Подступающая весна тоже несла радость, и, скорей всего, это и была истинная радость, принесшая в души московитов предчувствия неизбежных перемен, которую они спутали с охмелением — от той выпитой натощак торжественной чары, что поднесли им на торговой площади бояре. Московиты выпили эту чару единым духом, и почудилось им, что прошлое отступило, повернуло назад. Но прошлое не осталось позади, оно осталось с ними и незаметно для них каждый день превращалось в то самое будущее, которого они с такой радостью ждали.

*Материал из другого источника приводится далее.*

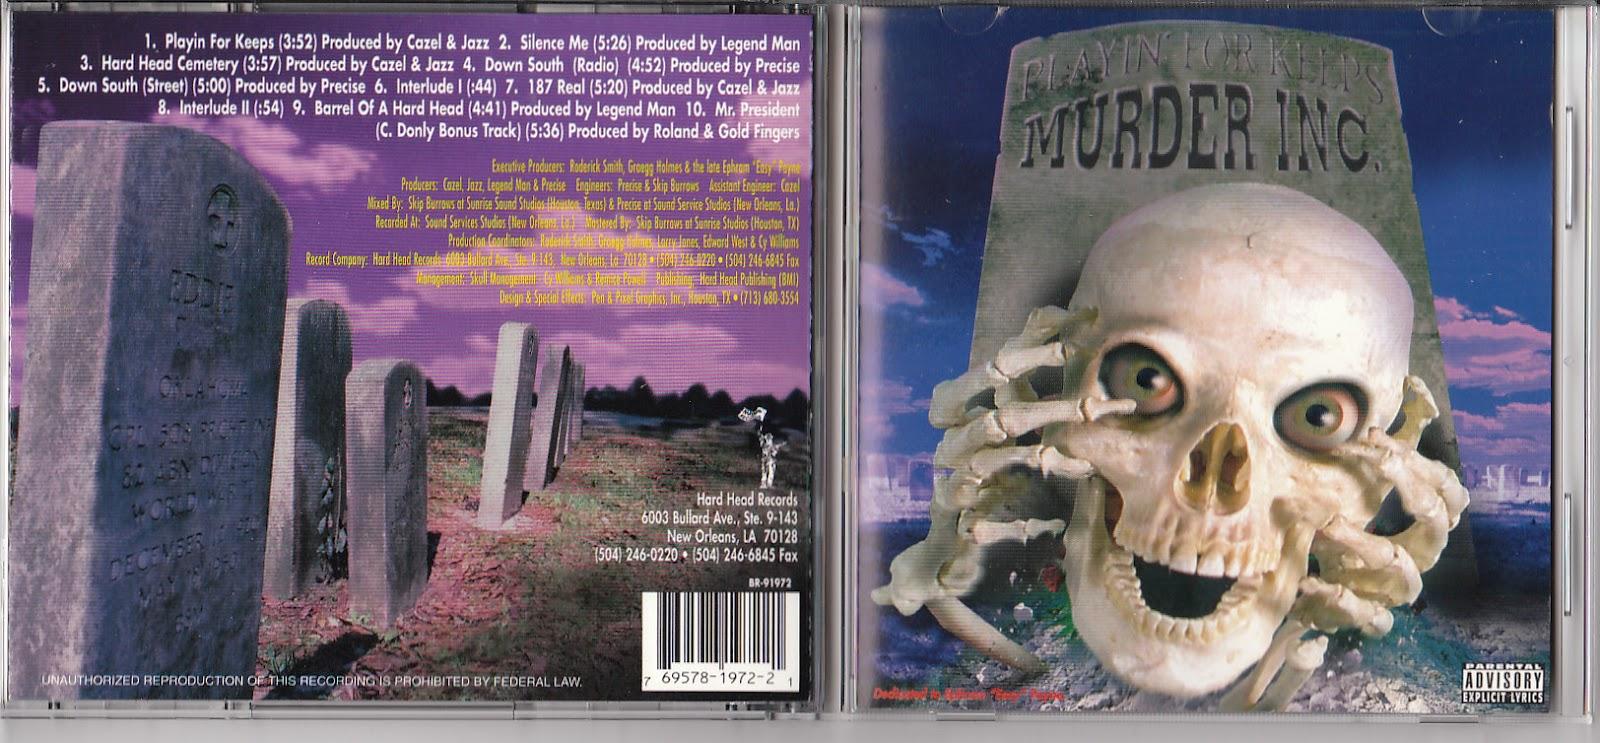 Dernier CD/VINYLE/DVD acheté ? - Page 38 Murder+Inc.+-+Playin+For+Keeps

Каждое утро, прежде чем разойтись по приказам, бояре подолгу засиживались в думной палате. Вот-вот должен был вернуться царь, и бояре пользовались последними днями своей свободы. Встревоженные, обеспокоенные, но неизменно вальяжные и надменные, лихие на слово с меньшим и каверзные со старшим, они избывали, заговаривали в думе свою тревогу. Тяжелой испариной исходила из них сытость, опяленная в стеганые ферязи и кафтаны, поверх которых — худо, если одна! — пышно стобурчились шубы, ублажая их самодовольство. Боже упаси предстать перед другими не чиновно, просто — без шубы, в одном кафтане…
Если царь в зиму созывал бояр — на совет ли, на переговоры с послами, на пиры, то, помимо прочих указов, непременно указывал, чтоб быть всем без шуб, иначе не разглядеть ему за шубами своих бояр. А если при каком-нибудь деле — на улице, на морозе — нужно было быть в шубах, то указывал, сколько надевать: «Быть об единой шубе!» Только в самый лютый мороз мог указать: «Быть о дву шубах!» — и более царского указу никто, как бы знатен он ни был, не мог надеть, потому что сам царь надевал всегда на одну шубу больше, чем дозволял боярам. Но между собой, в отсутствие царя, бояре пускались во вся тяжкая! Кто имел пять шуб, тот натягивал на себя все пять! Шуба была неузаконенным показателем знатности, богатства, чести… Шубе кланялись, на ком бы она ни была, — и не зря: не только простолюдину, но даже не каждому дьяку была по карману такая одежда. Но если дьяк все же скапливал деньжонок на куницу иль на соболя и покрывал его фряжской сукманью, то разве мог боярин допустить, чтоб на нем не было лучшего и большего. Перед дьяком, однако, боярин не станет потеть, но между собой они уж усердствовали: семью потами изойдут, а до кафтана не разденутся. Велика это была услада — явиться в думу в трех шубах, а следом слуги — еще с тремя!.. Кто против этого мог устоять?!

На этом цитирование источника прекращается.